▶ [Task input]
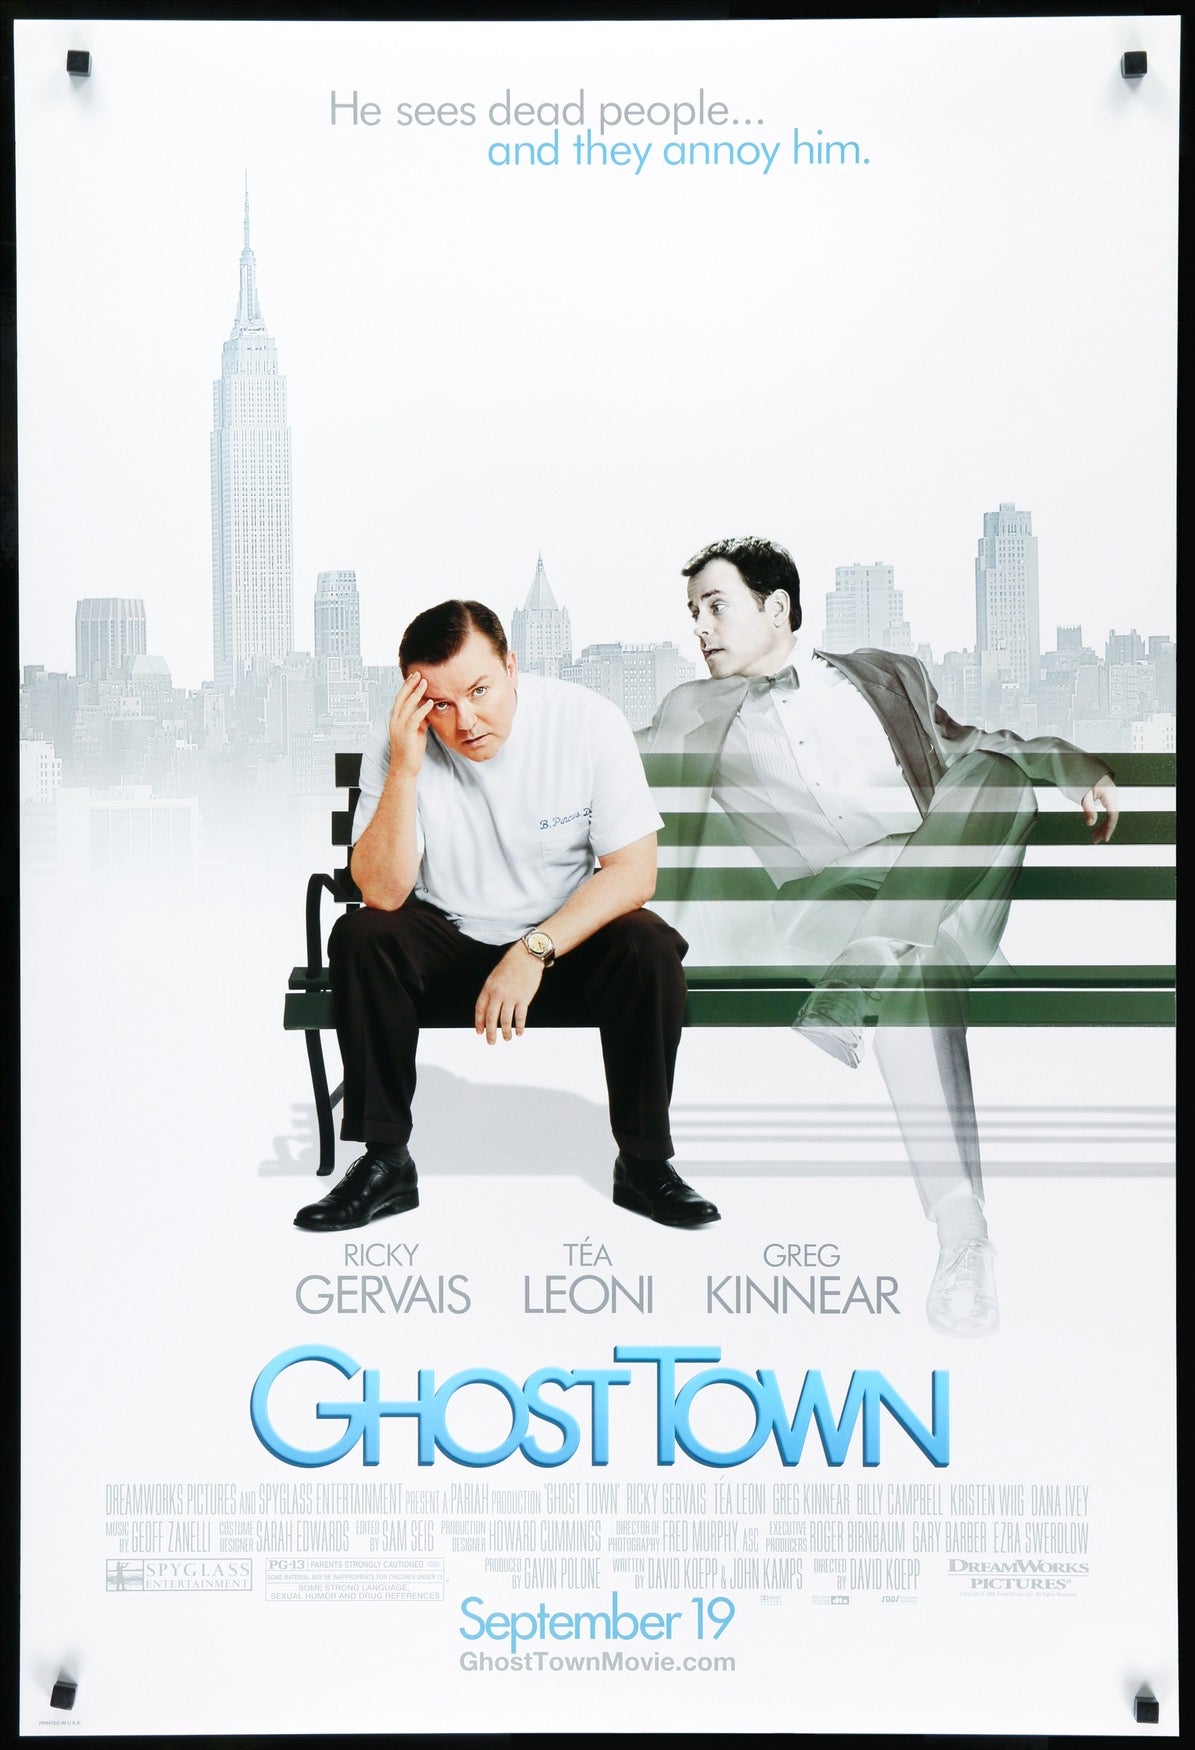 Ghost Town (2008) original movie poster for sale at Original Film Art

* * *

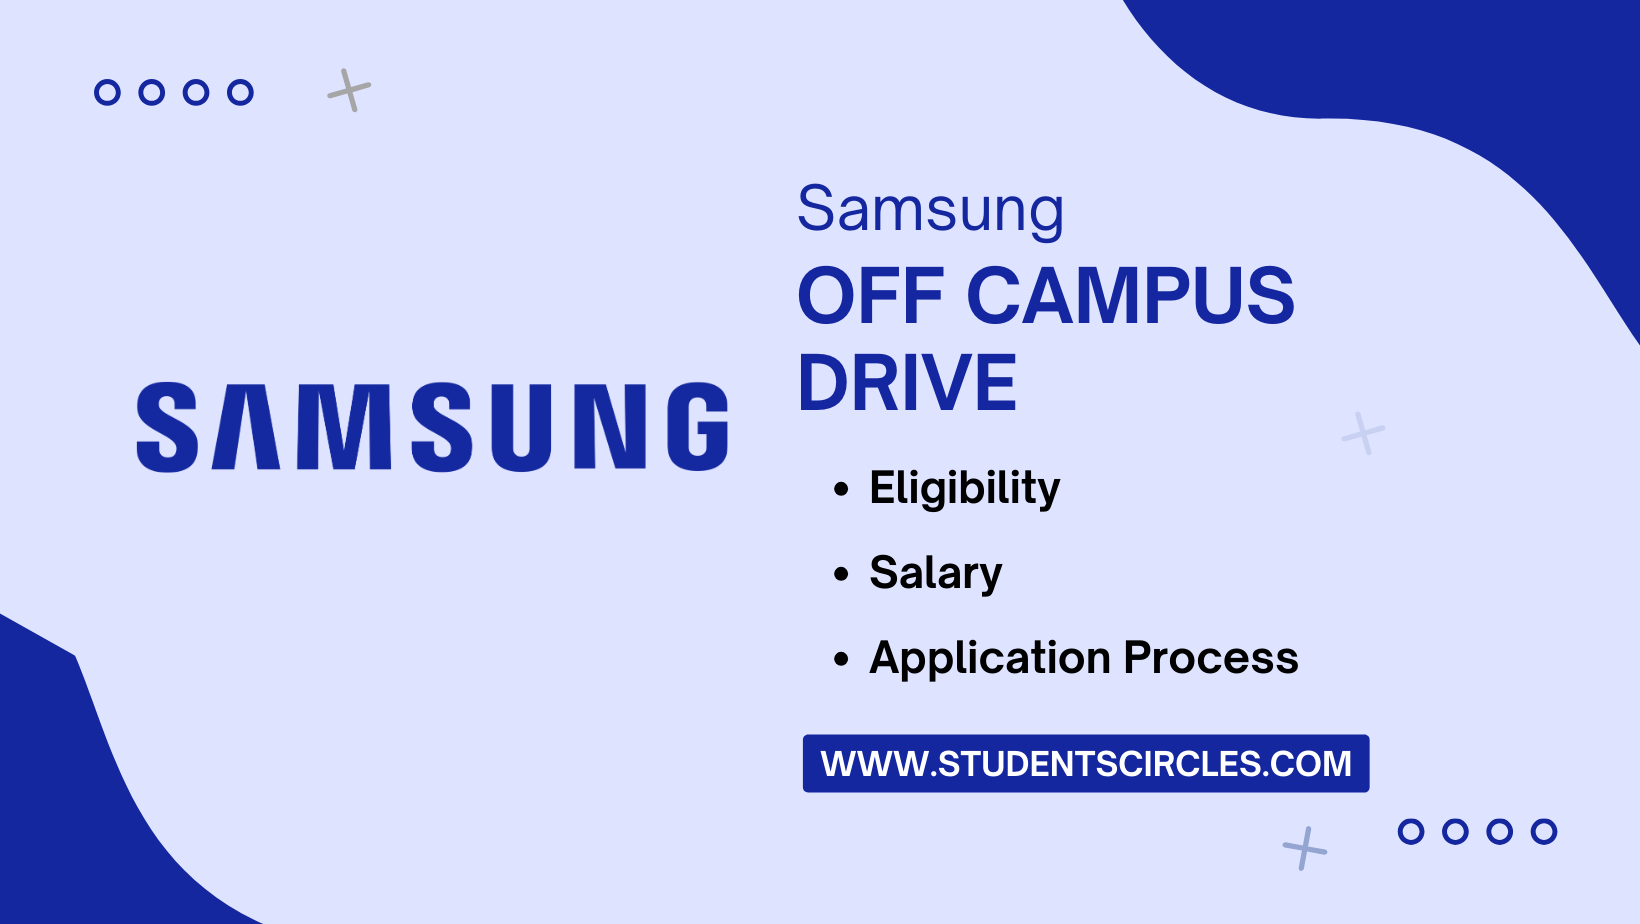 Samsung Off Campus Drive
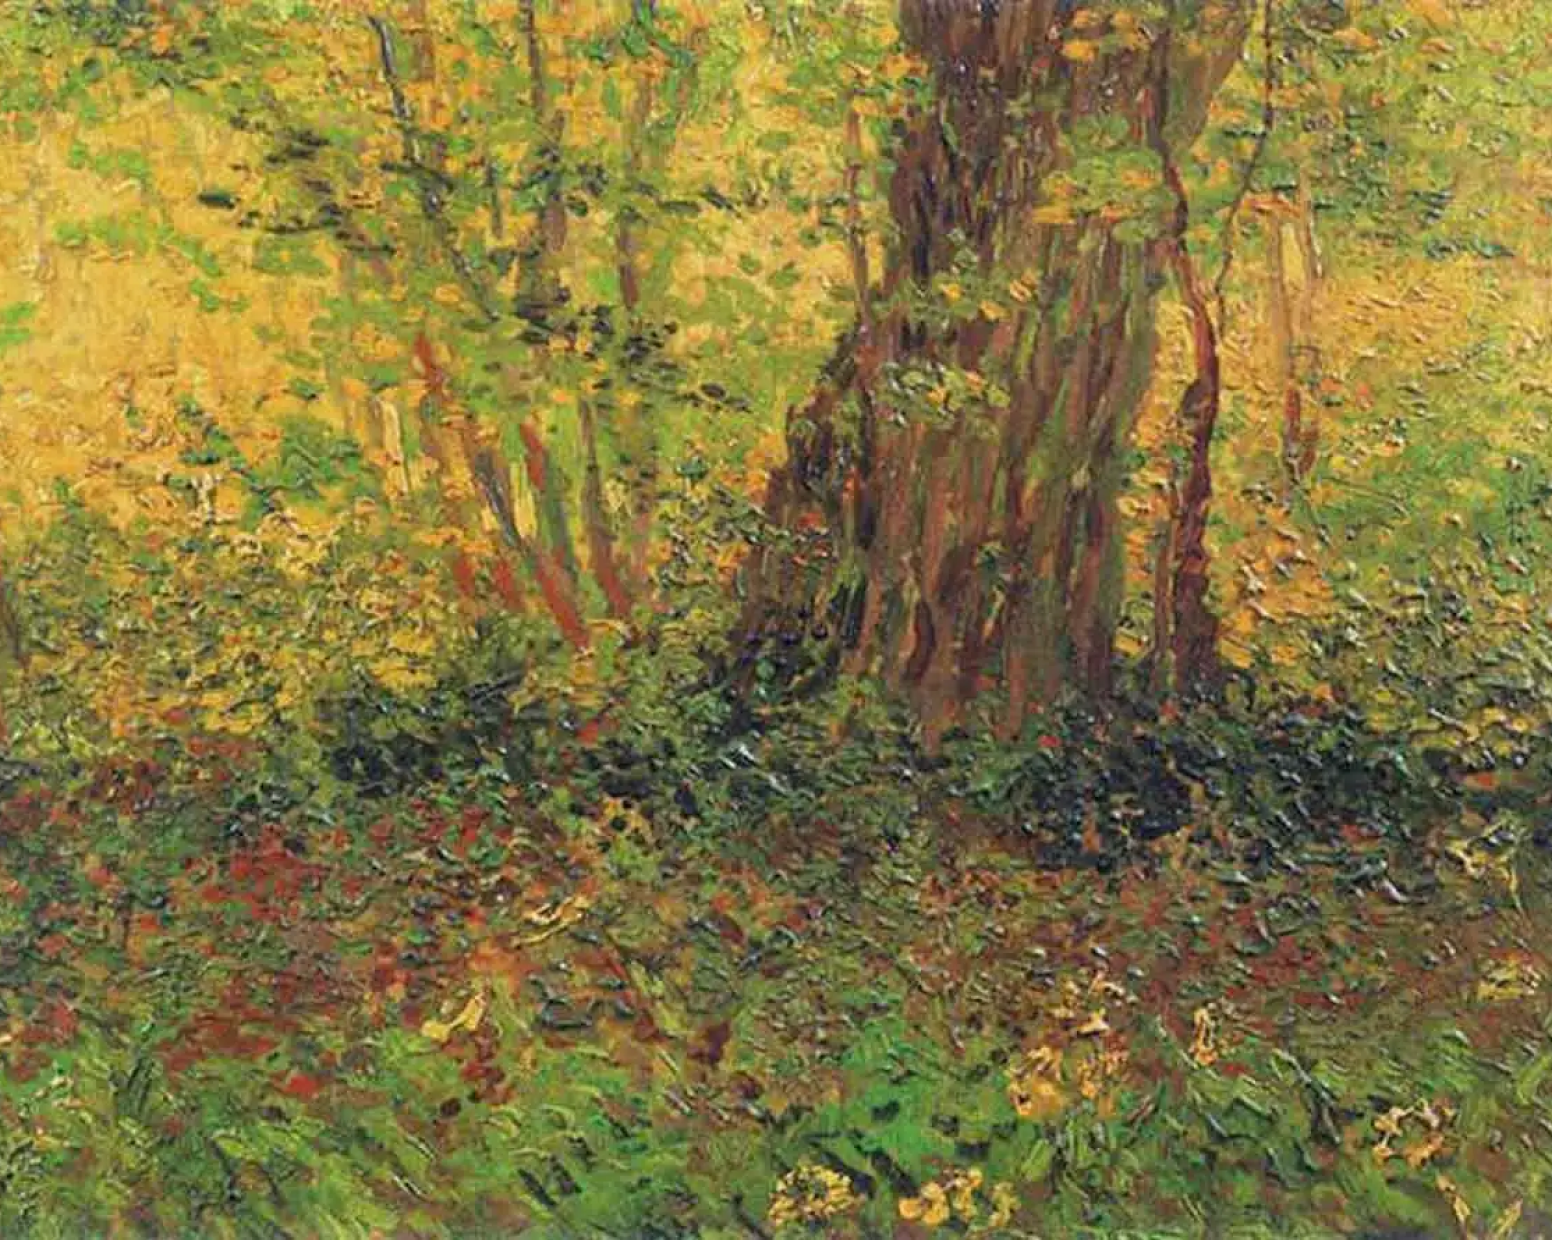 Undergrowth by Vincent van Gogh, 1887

==

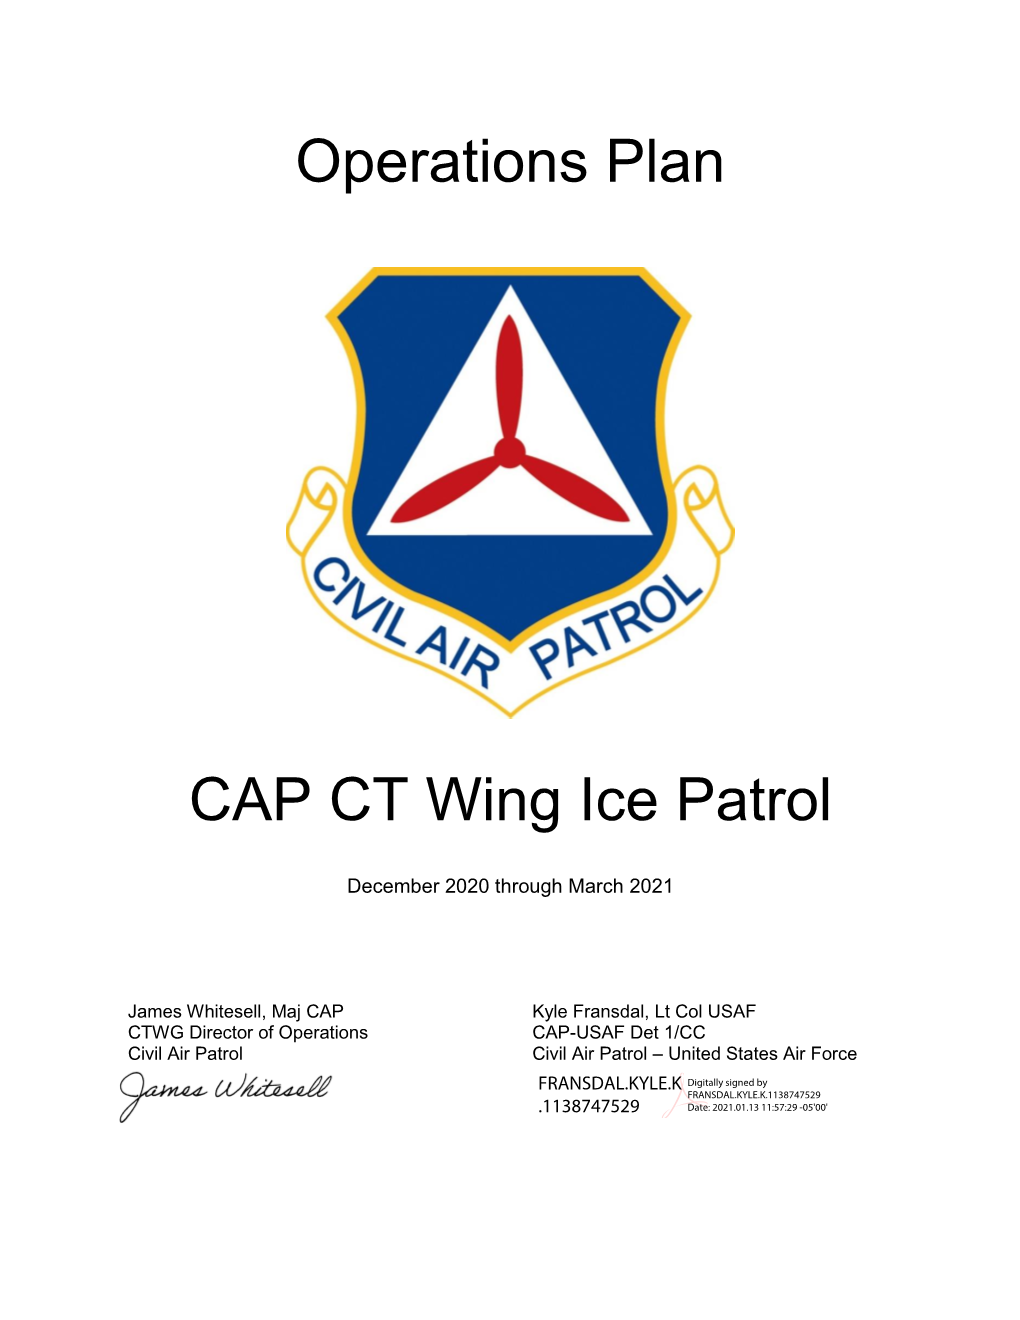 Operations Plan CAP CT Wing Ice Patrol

▶ [Exercise objective] Return exactly the stretch above whose first line contains "Samsung Off Campus Drive" and whose last line contains "Undergrowth by Vincent van Gogh, 1887", and nothing outside it. The pictures should not appear.

▶ [The completed task]
 Samsung Off Campus Drive
 Undergrowth by Vincent van Gogh, 1887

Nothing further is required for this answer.